WHAT YOU WILL DO. From the data below, copy exactly the lines that lie between the one holding "- CHILD WOMAN" and the one holding "Chimica organica - Appunti Pag. 31", including both, and nothing more.

---- DATASET EXTRACT

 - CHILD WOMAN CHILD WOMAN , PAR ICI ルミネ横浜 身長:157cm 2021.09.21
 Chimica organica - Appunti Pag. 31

--------
---- DATASET EXTRACT

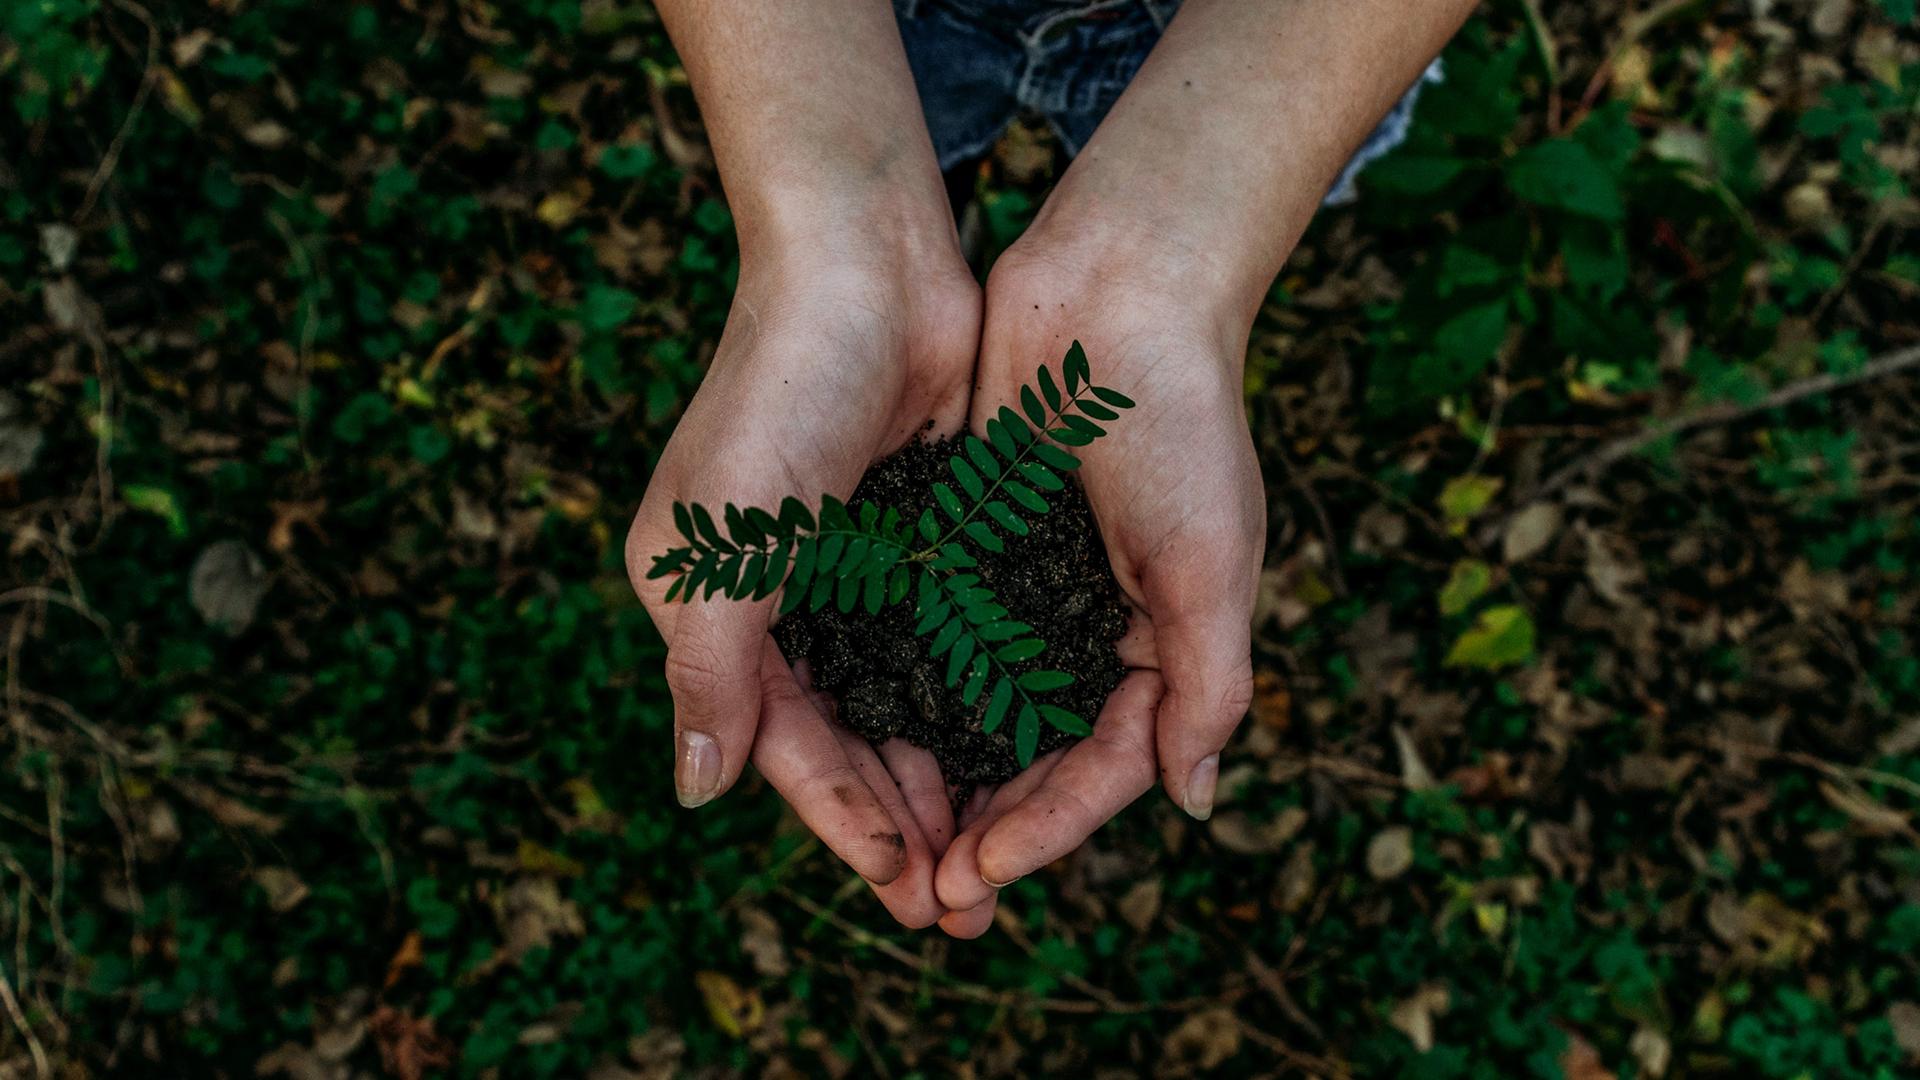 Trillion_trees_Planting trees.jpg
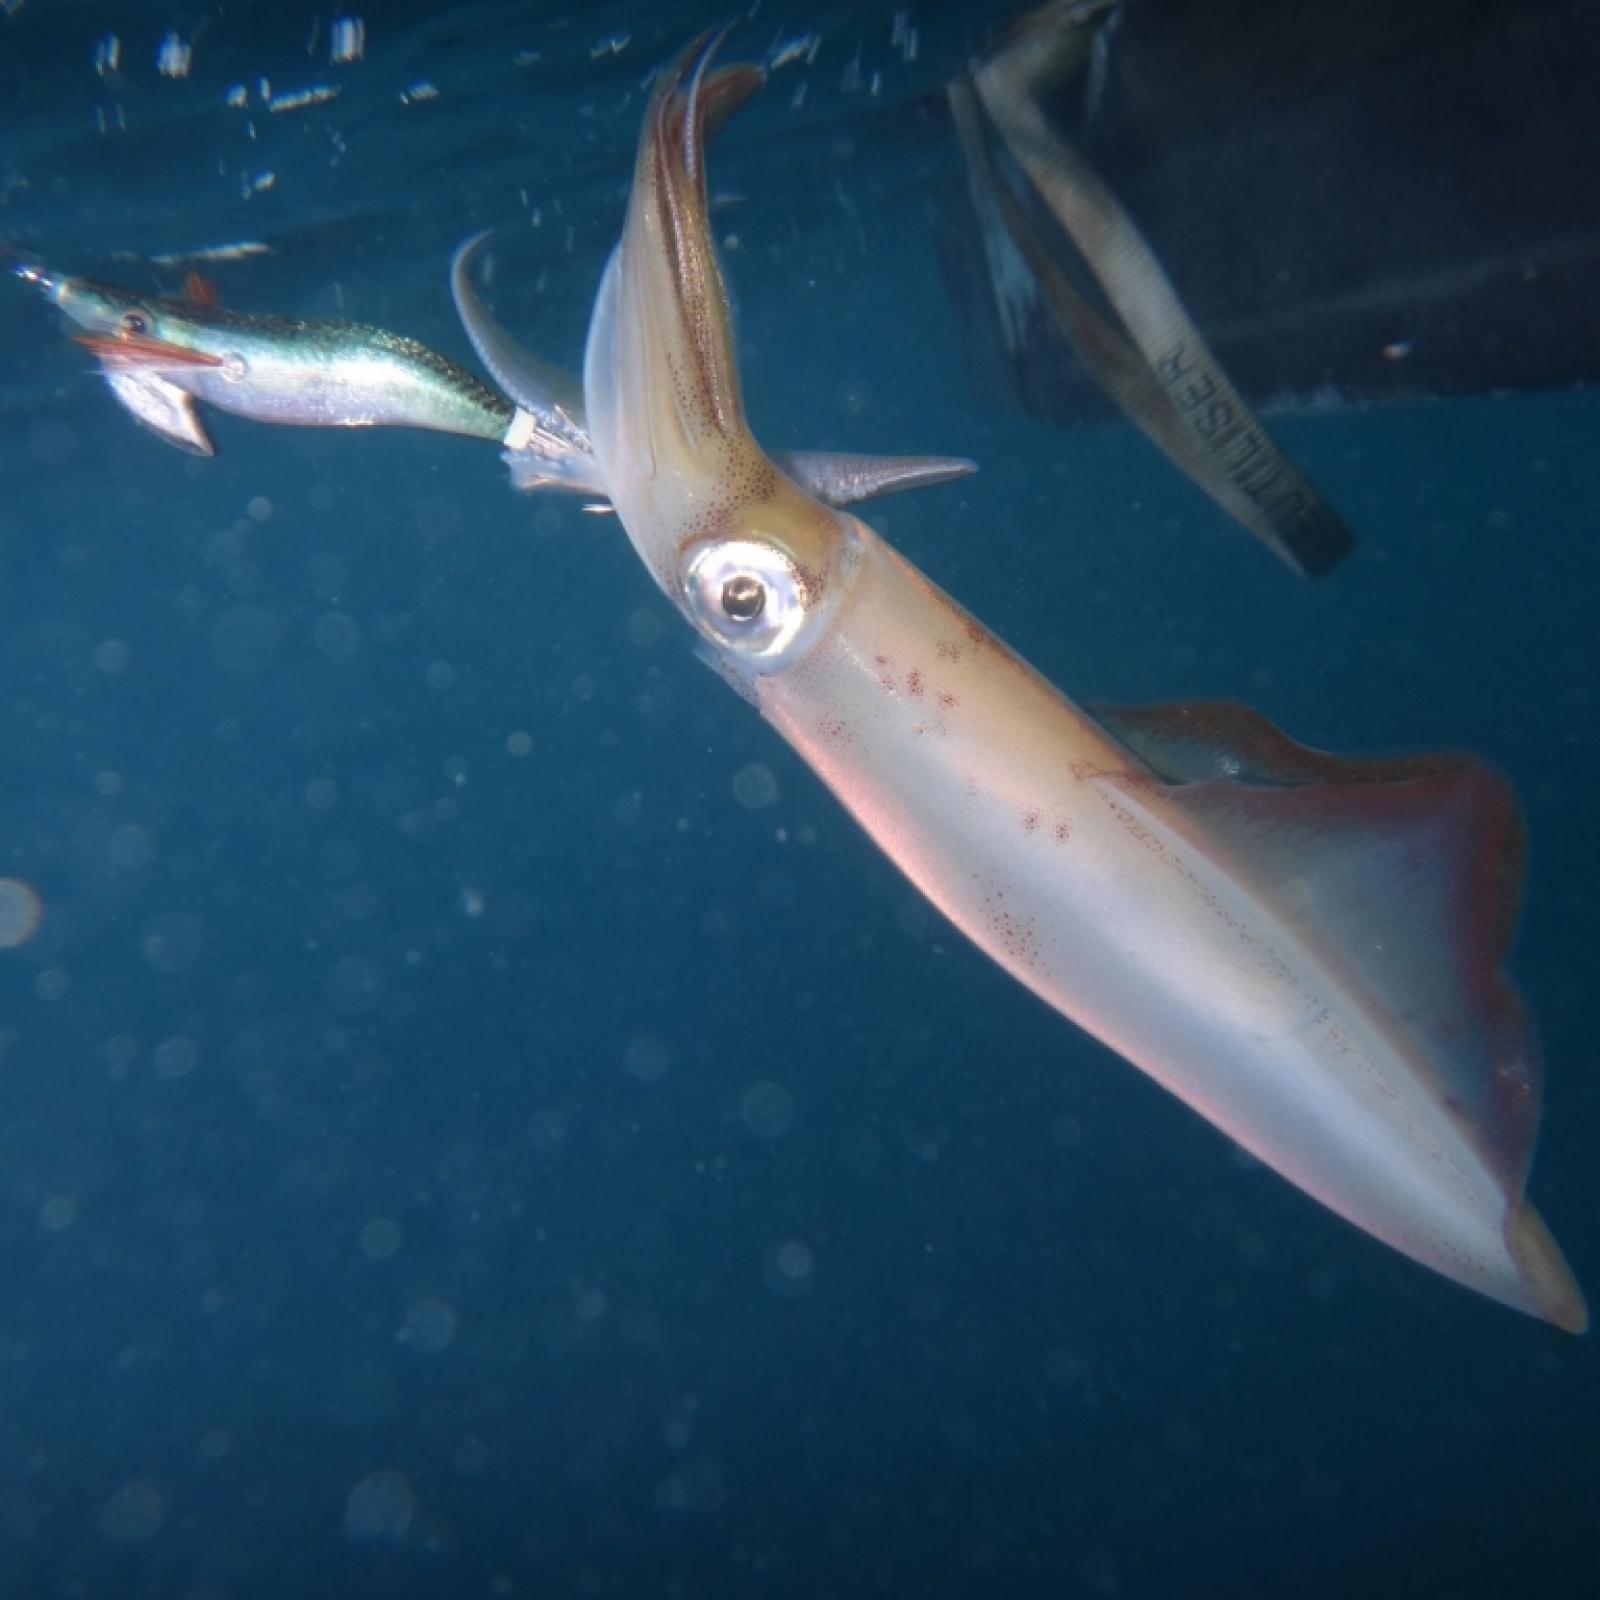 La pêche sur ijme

--------

EXERCISE RESPONSE.
 - CHILD WOMAN CHILD WOMAN , PAR ICI ルミネ横浜 身長:157cm 2021.09.21
 Chimica organica - Appunti Pag. 31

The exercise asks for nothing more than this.